## TASK GOAL:
Please print exactly the lines from the one containing "casas-cuevas-como-viviendas-turisticas (2)" through the last line of the records, and only those. Leave out any pictures.

## GIVEN RECORDS:
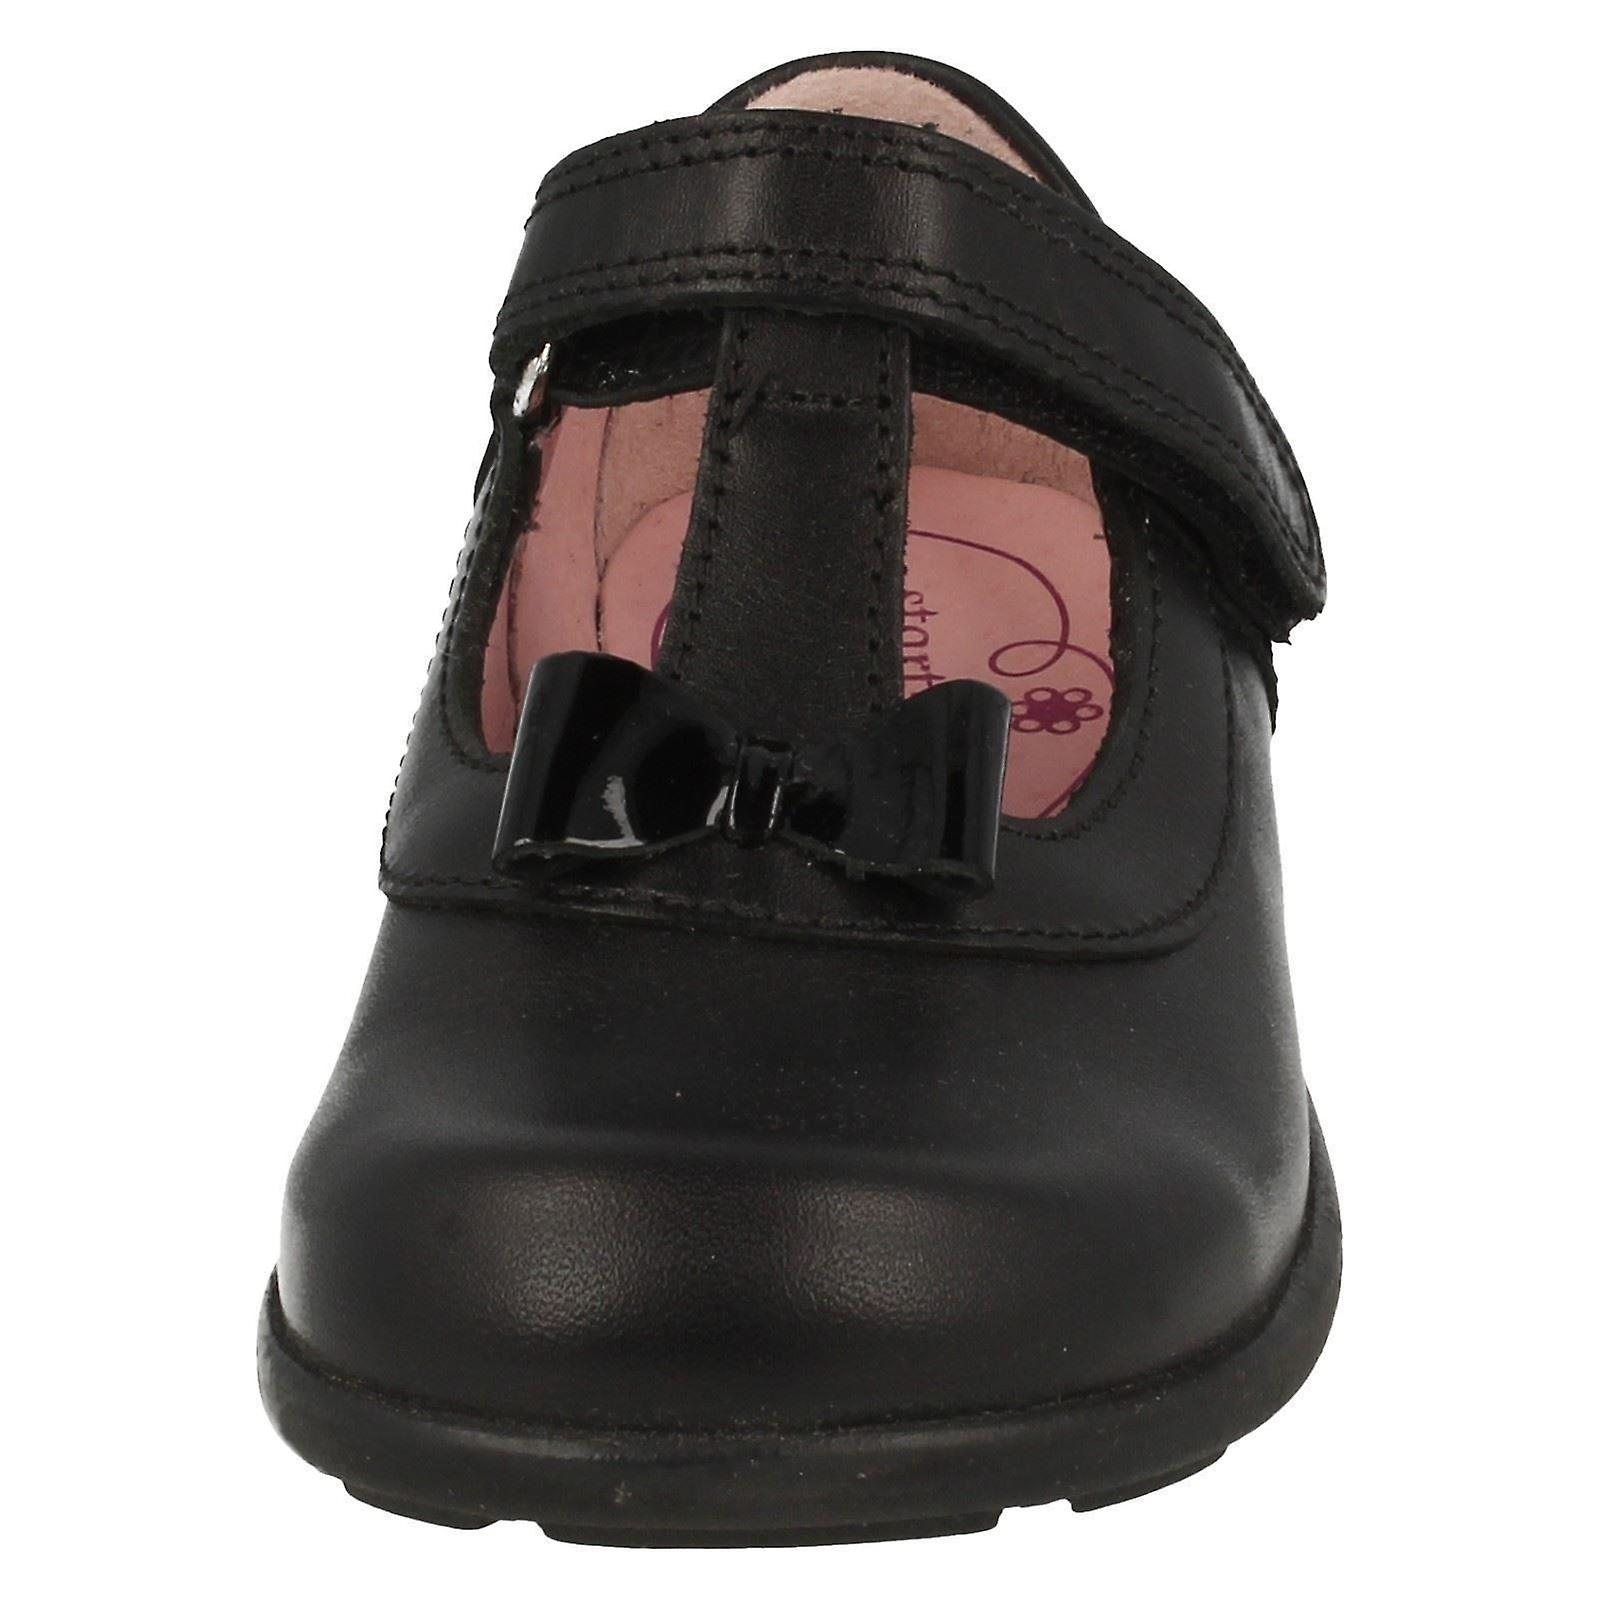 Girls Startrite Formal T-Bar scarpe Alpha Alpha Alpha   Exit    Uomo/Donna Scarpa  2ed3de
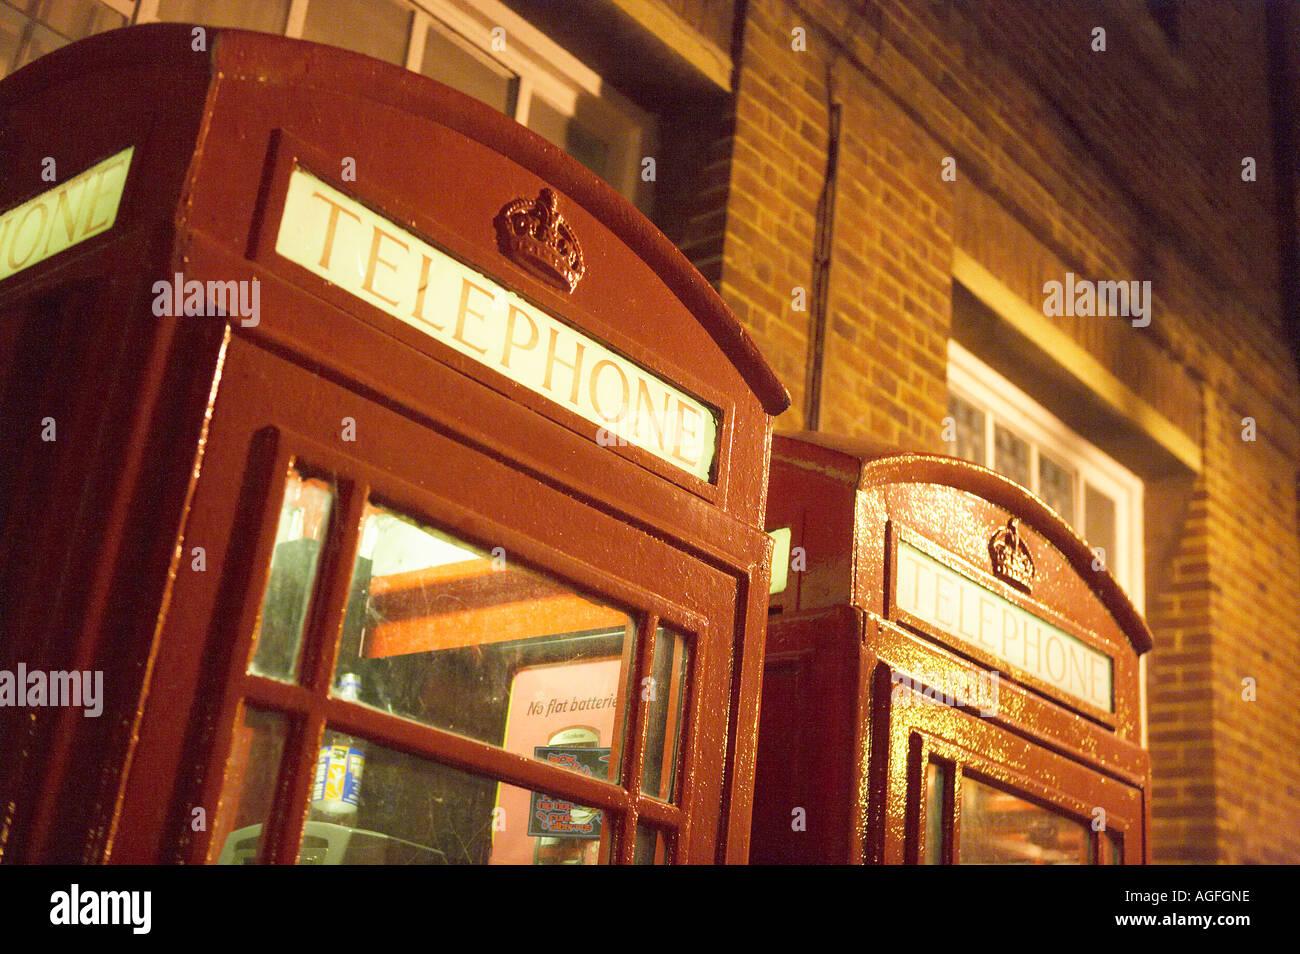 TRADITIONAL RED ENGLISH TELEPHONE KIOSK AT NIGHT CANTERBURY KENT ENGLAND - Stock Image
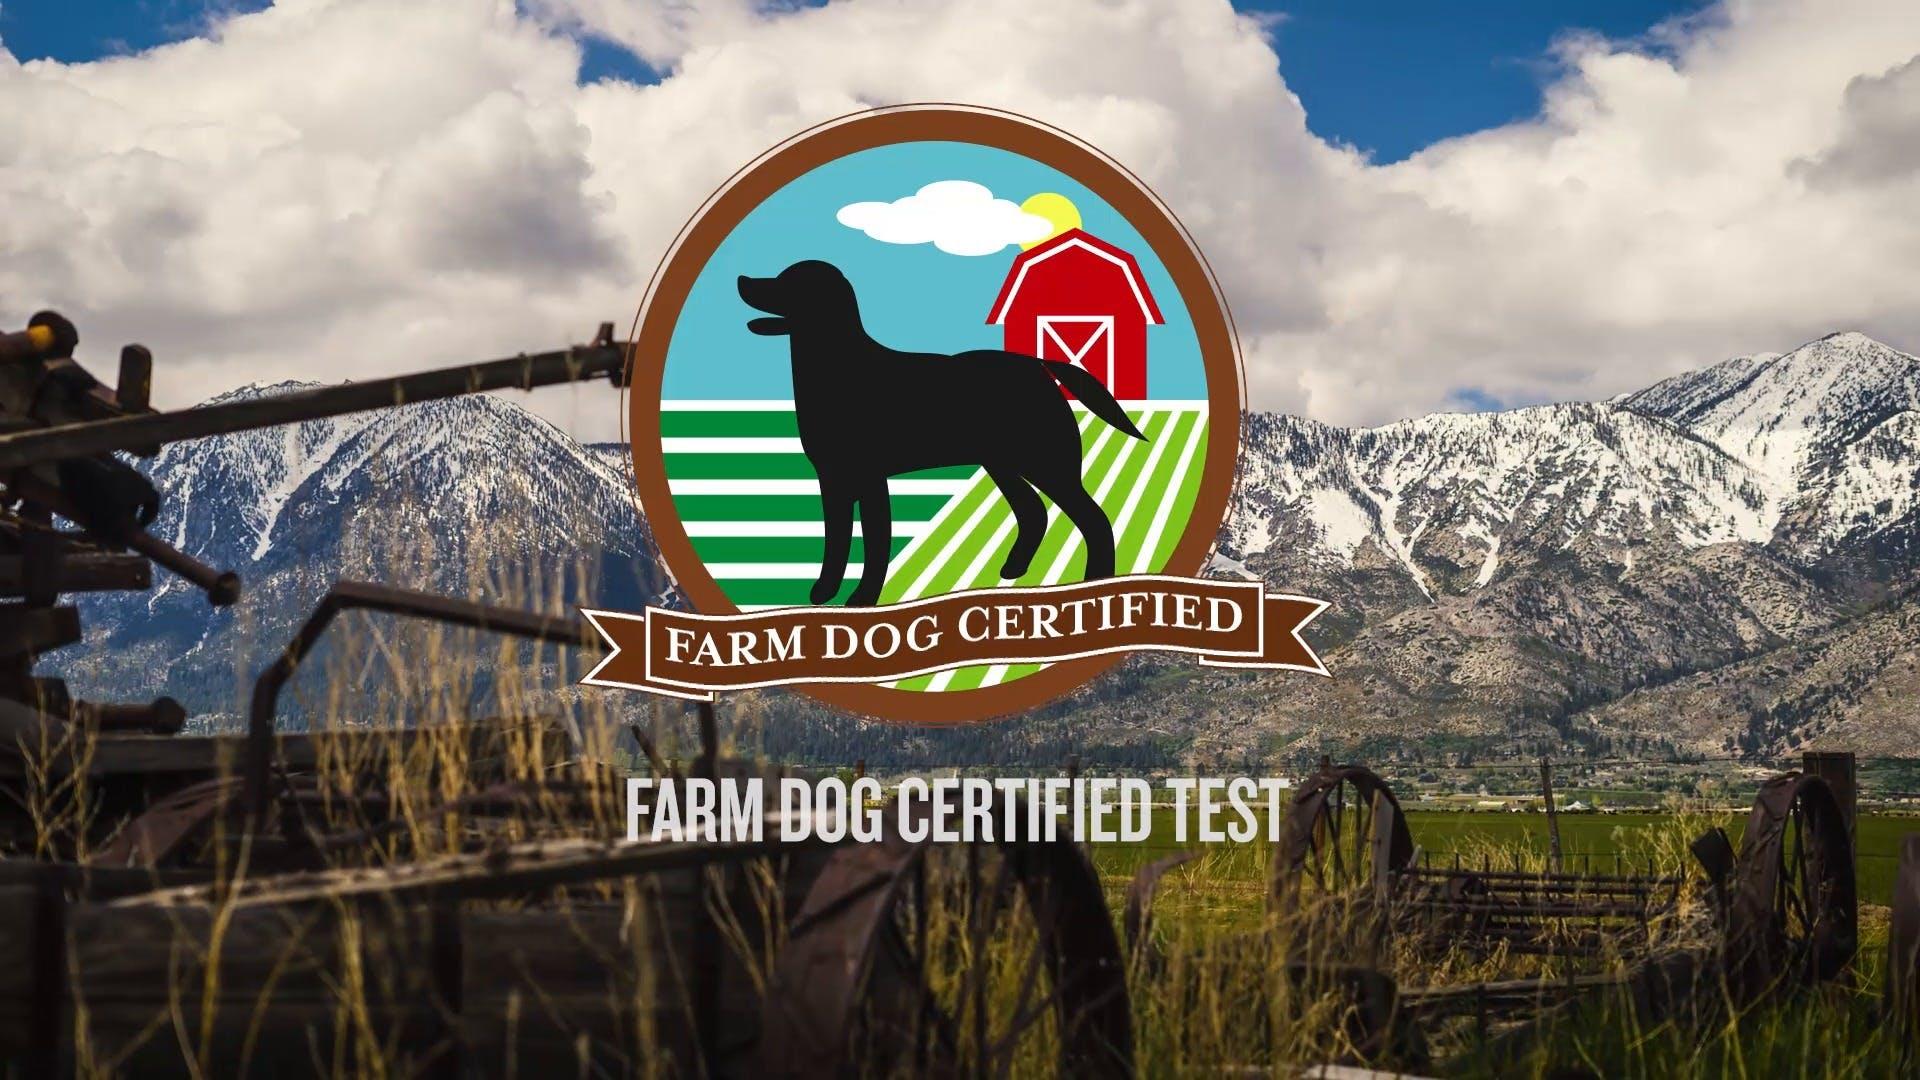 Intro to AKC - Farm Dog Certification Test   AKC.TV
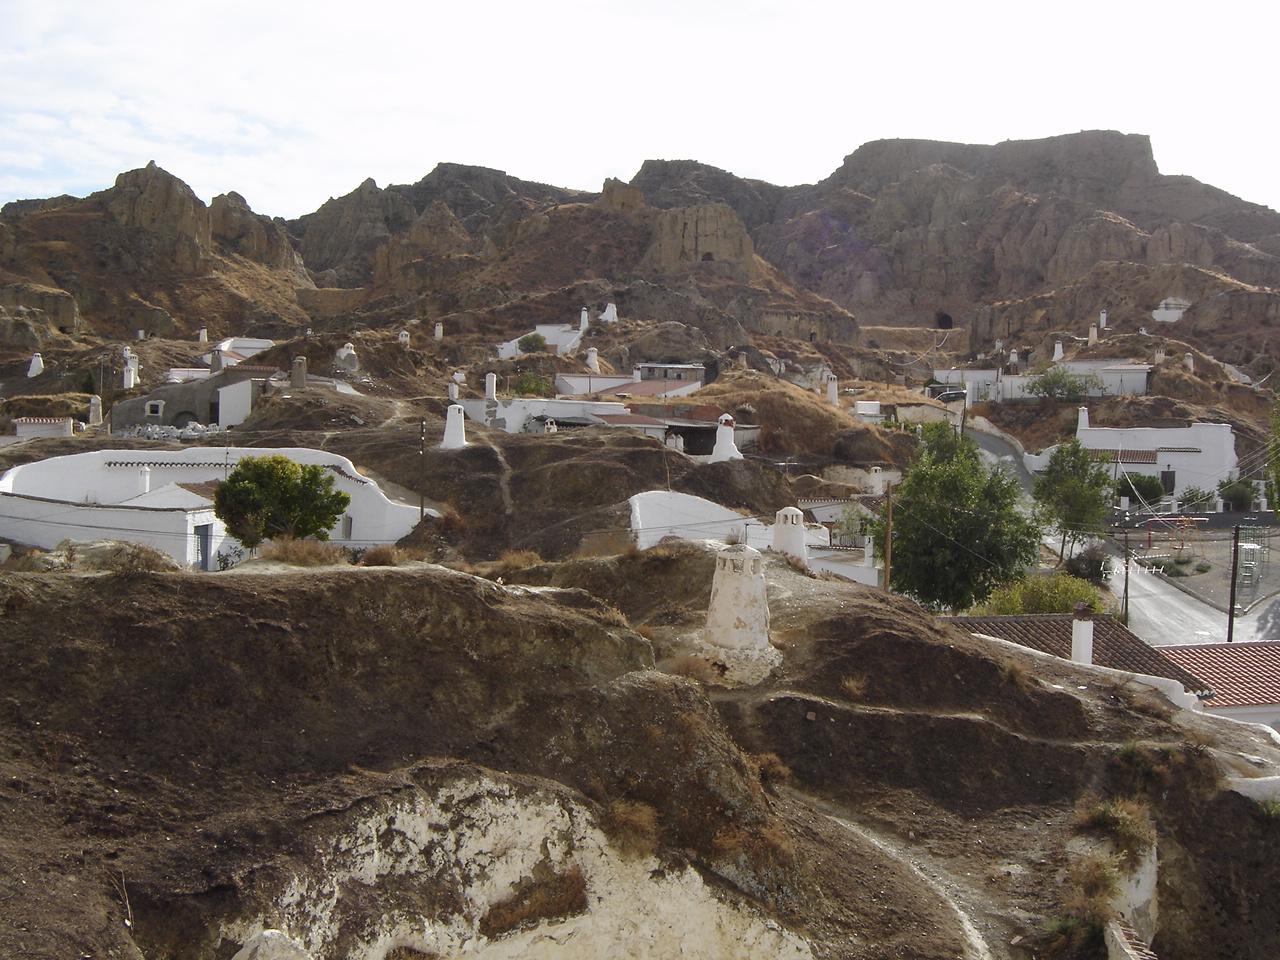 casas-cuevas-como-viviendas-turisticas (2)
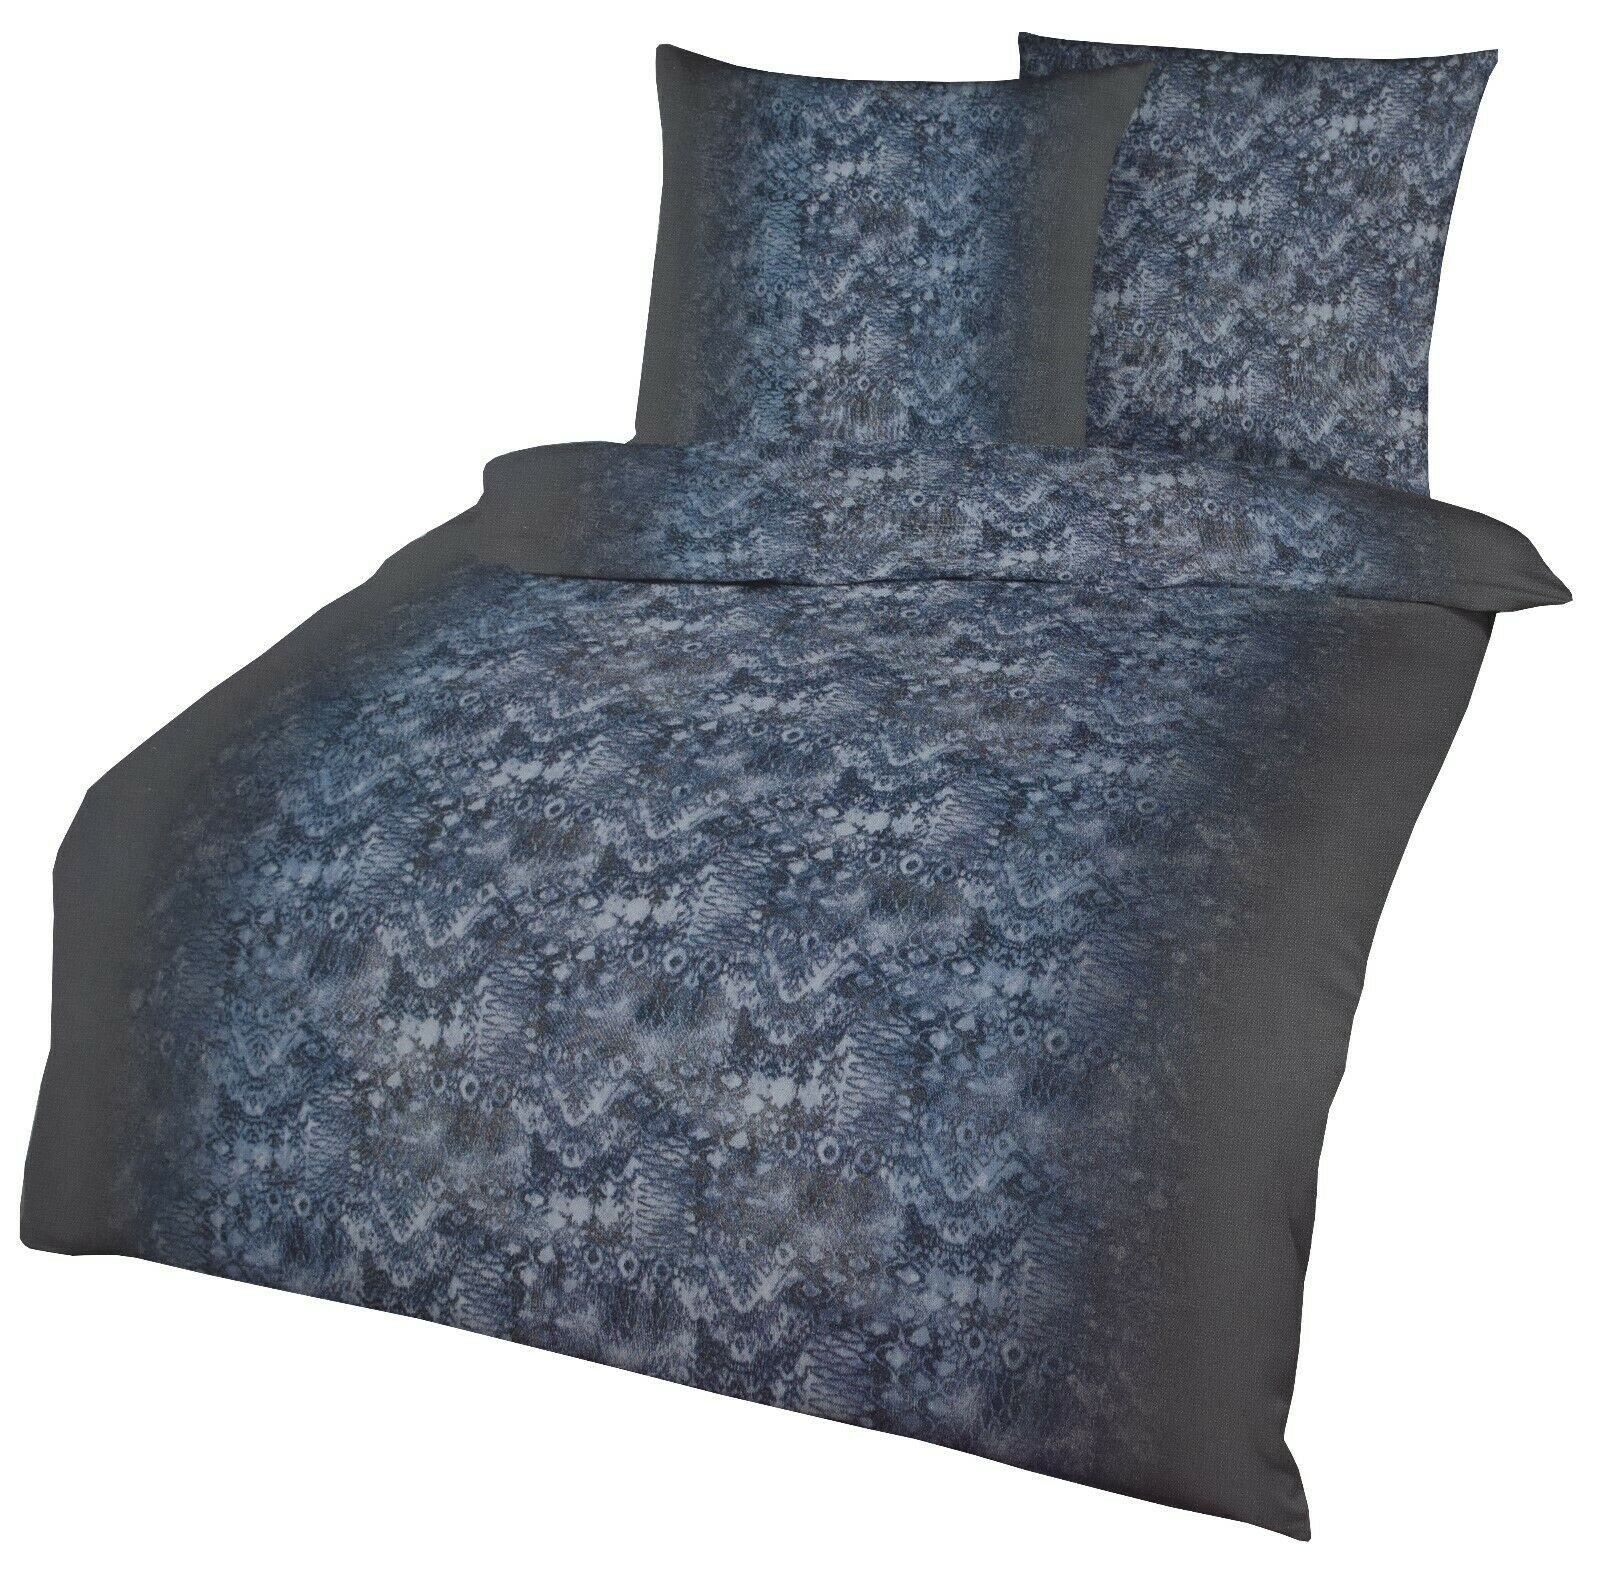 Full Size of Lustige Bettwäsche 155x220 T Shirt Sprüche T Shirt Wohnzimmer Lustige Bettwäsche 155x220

## REPLY:
 casas-cuevas-como-viviendas-turisticas (2)
 Full Size of Lustige Bettwäsche 155x220 T Shirt Sprüche T Shirt Wohnzimmer Lustige Bettwäsche 155x220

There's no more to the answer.